Item 2. Code of Ethics. Not applicable.
Item 3. Audit Committee Financial Expert. Not applicable.
Item 4. Principal Accountant Fees and Services. Not applicable.
Item 5. Audit Committee of Listed Companies. Not applicable.
Item 6. Schedule of Investments.
Not applicable – schedule filed with Item 1.
Item 7. Disclosure of Proxy Voting Policies and Procedures for Closed-End Funds. Not applicable.
Item 8. Portfolio Managers of Closed-End Funds. Not applicable.
Item 9. Purchases of Equity Securities by Closed-End Funds. Not applicable.
Item 10. Submission of Matters to a Vote of Security Holders.
The registrant has not adopted procedures by which shareholders may recommend nominees to the registrant's board of trustees.

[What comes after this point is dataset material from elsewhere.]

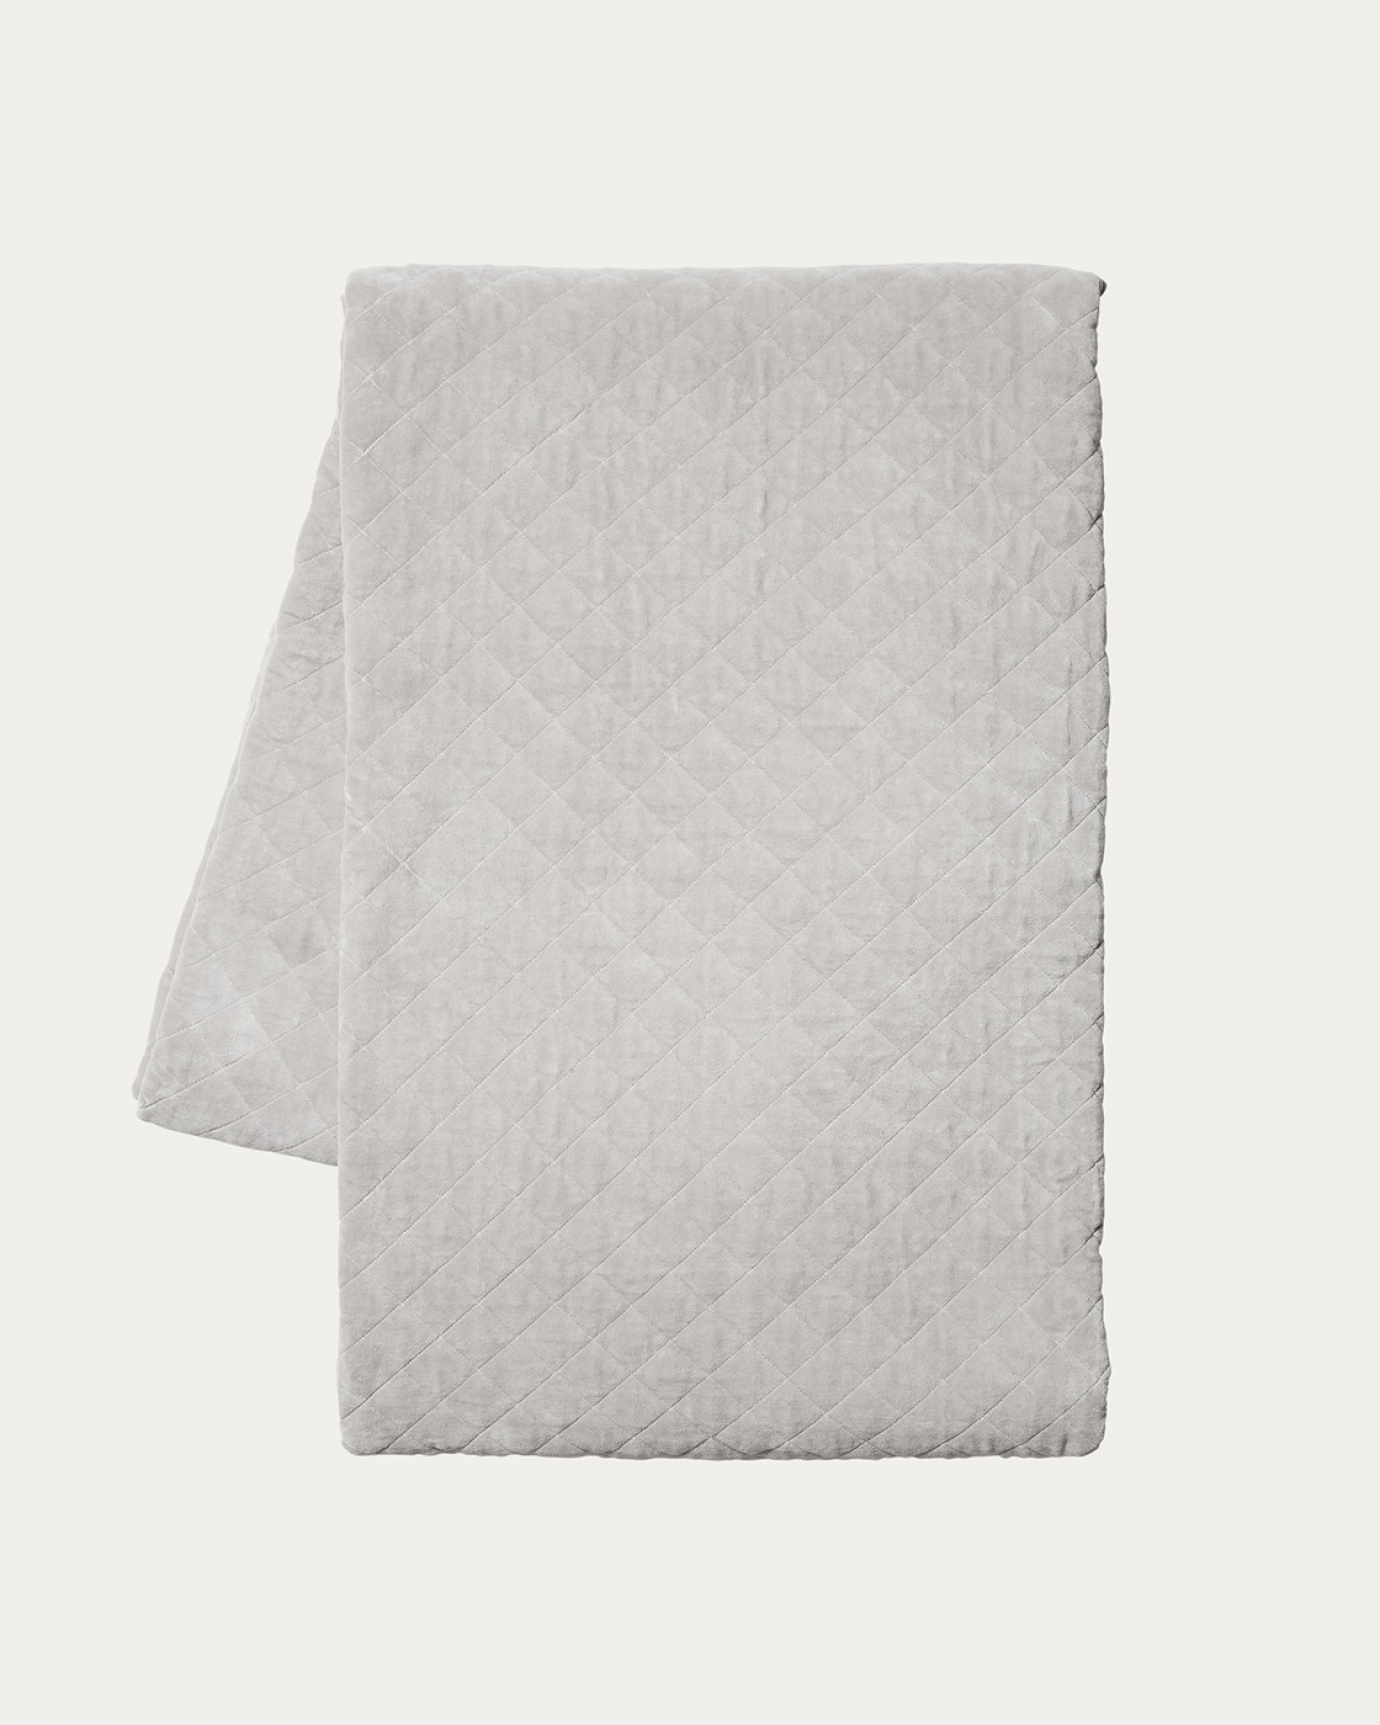 Produktbild silber-grau Tagesdecke PICCOLO aus weichem Samt aus bio-baumwolle für Einzelbett von LINUM DESIGN. Größe 170x260 cm.

Item 11. Controls and Procedures.
(a)
Based on an evaluation of the registrant’s disclosure controls and procedures as of September 5, 2008, the disclosure controls and procedures are reasonably designed to ensure that the information required in filings on Forms N-CSR is recorded, processed, summarized, and reported on a timely basis.
(b)
There were no significant changes in the registrant’s internal control over financial reporting that occurred during the registrant’s last fiscal half-year that have materially affected, or are reasonably likely to materially affect, the registrant’s internal control over financial reporting.
Item 12. Exhibits.
(a)(1)
EX-99.CODE ETH. Not applicable.
(a)(2)
EX-99.CERT. Filed herewith.
(a)(3)
Any written solicitation to purchase securities under Rule 23c-1 under the Act (17 CFR 270.23c-1) sent or given during the period covered by the report by or on behalf of the registrant to 10 or more persons. Not applicable.
(b)
EX-99.906CERT. Filed herewith.
SIGNATURES
Pursuant to the requirements of the Securities Exchange Act of 1934 and the Investment Company Act of 1940, the registrant has duly caused this report to be signed on its behalf by the undersigned, thereunto duly authorized.
The NYSA Series Trust
By /s/Gregg A. Kidd
*Gregg A. Kidd
Chief Executive Officer
Date December 5, 2008
Pursuant to the requirements of the Securities Exchange Act of 1934 and the Investment Company Act of 1940, this report has been signed below by the following persons on behalf of the registrant and in the capacities and on the dates indicated.
By /s/Gregg A. Kidd
*Gregg A. Kidd
Chief Executive Officer
Date December 5, 2008
By /s/Daniel F. Raite
*Daniel F. Raite
Chief Financial Officer
Date December 5, 2008
* Print the name and title of each signing officer under his or her signature.